The Trump administration and congressional Republicans are declaring a major victory over Democrats and their progressive agenda items following the House’s passage of a massive compromise Defense bill.

The final version of the National Defense Authorization Act provides President Donald Trump more latitude to deal with Iran and Saudi Arabia as well as ways he can fund the southern border wall.

The Senate is expected to pass the annual defense policy bill this week, and the White House said the president enthusiastically waiting to sign it into law, the Washington Times reported Sunday.




Senate Armed Services Committee chair James Inhofe (R-Okla.) said in a memo to fellow GOP members after leading defense lawmakers announced they had finished their negotiations and settled on a final bill last week that Democrats’ “progressive agenda” had been “halted.”

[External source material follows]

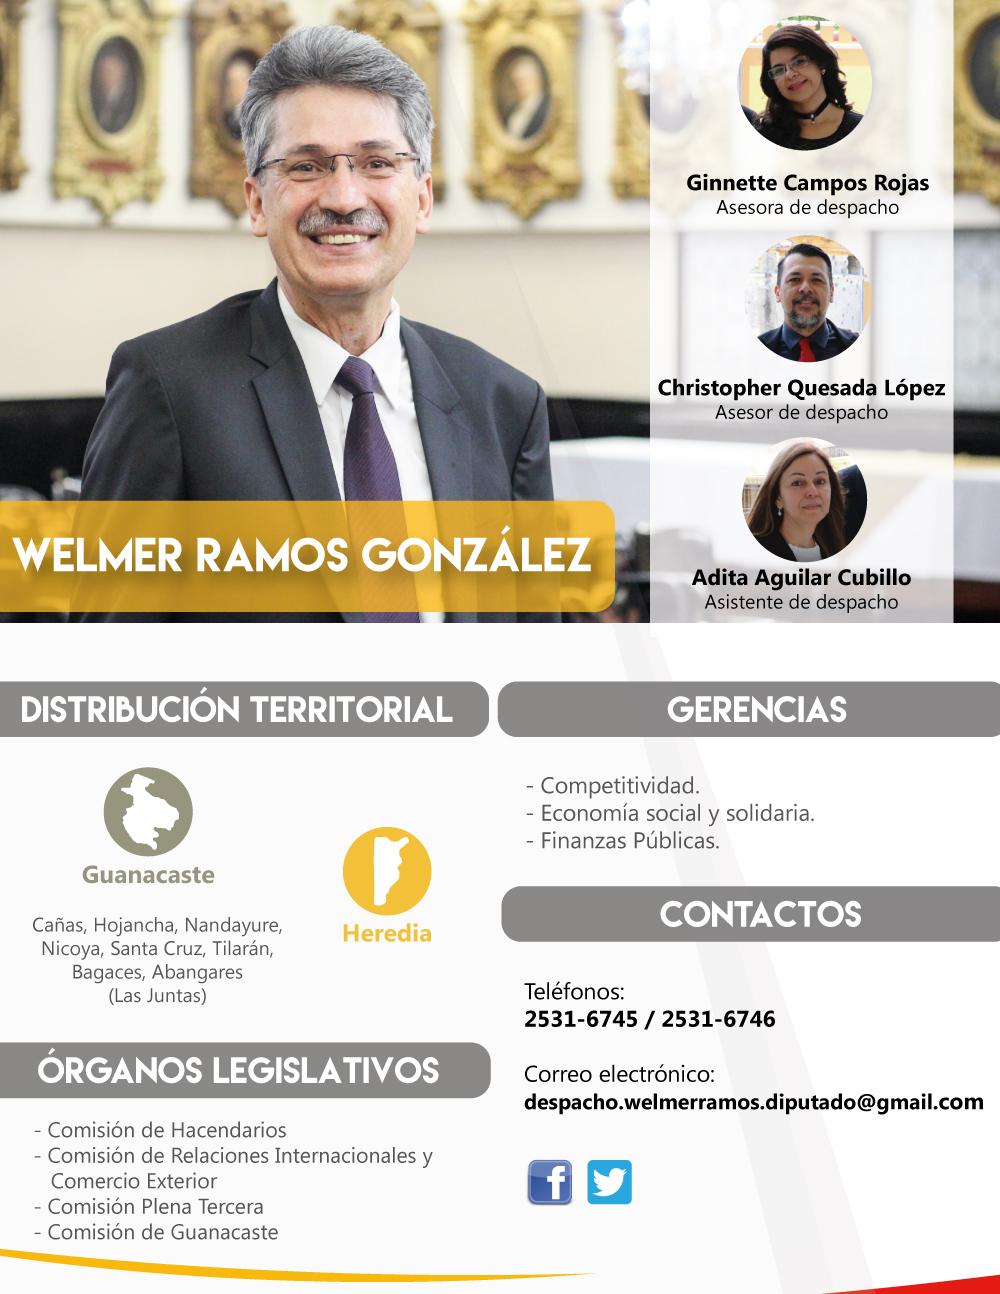 Despacho-Welmer-Ramos
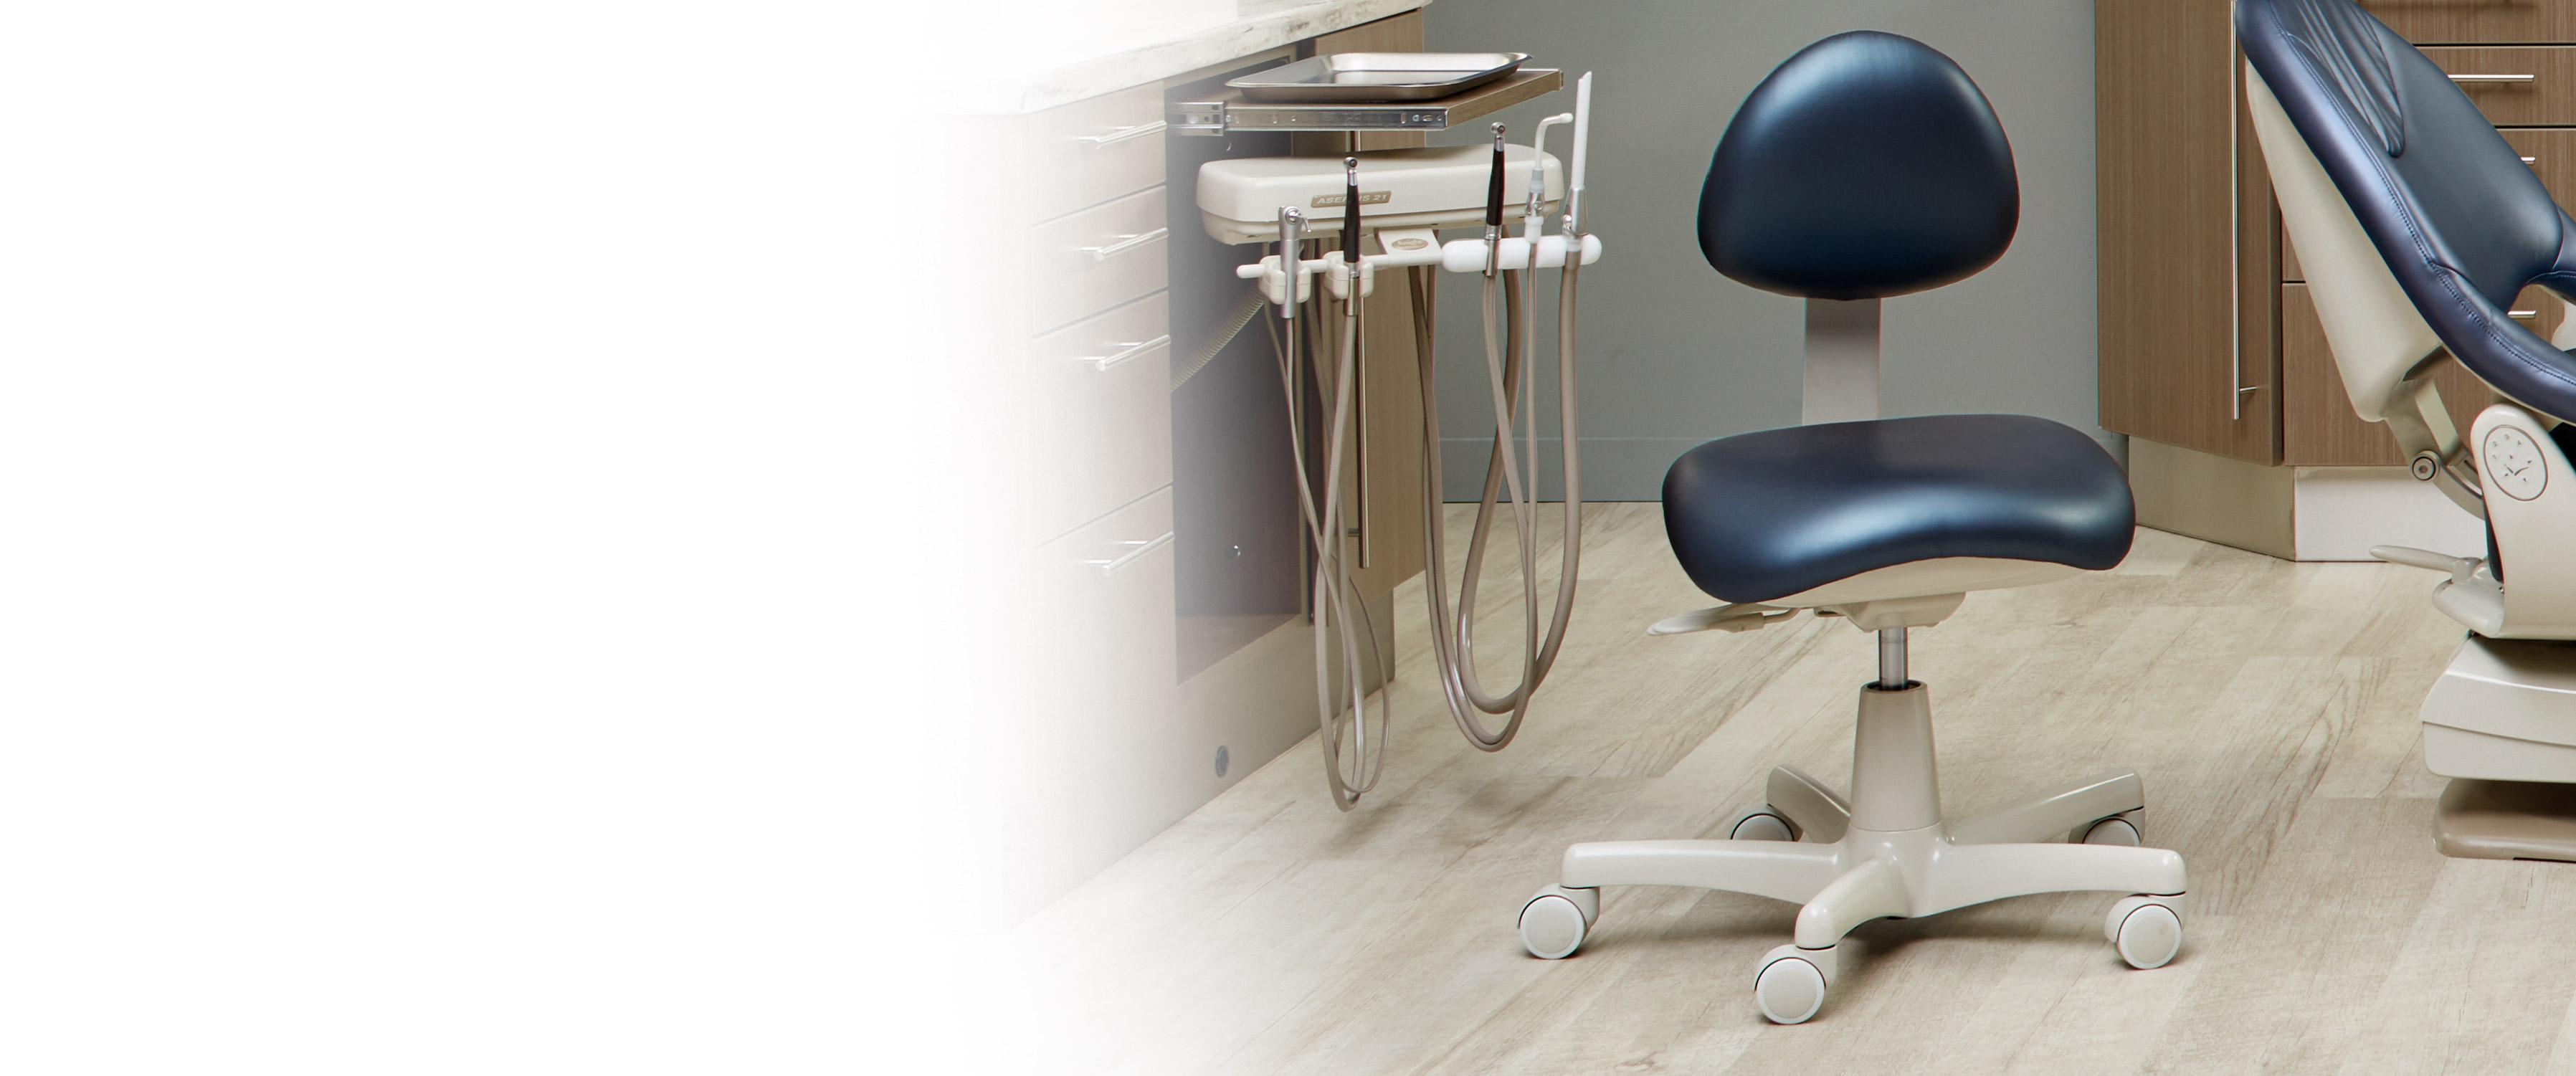 seating-header-desktop

Inhofe ticked off a list of the most significant losses for Democrats.

“No restrictions on border/wall authorities, No restrictions on arms sales, No [Guantanamo prison] restrictions, No transgender policy changes … No limit on POTUS authority to pressure Iran,” the memo said.

In addition, Republicans were victorious after language was dropped to repeal the 2002 congressional authorization for the war on terror, sanctions on Russia and funding to clean PFAS — “forever chemicals” — that have been discovered in tap water on military bases around the country and declared unsafe.

Still, the president and Republicans were unable to obtain victories on some of their biggest items, meaning those funding battles will be passed off to congressional appropriators.



“The victory that I see for Republicans is mainly on avoiding the worst possible outcome,” Frederico Bartels, a defense budget and policy analyst for The Heritage Foundation, told the Times.

Democrats claimed that the bill was the most “progressive” in the country’s history, but conservative analysts disputed that.

“These were empty gestures,” Giselle Donnelley, a defense and national security resident fellow at the American Enterprise Institute, told the Times.

“There was no earthly way that pretty much any of these provisions were going to be made into law.

“I don’t think [the Democrats] got any victories. … The fact that the progressive wing of the party sort of disrupted the defense bill process is at best an apparent victory,” Donnelley said.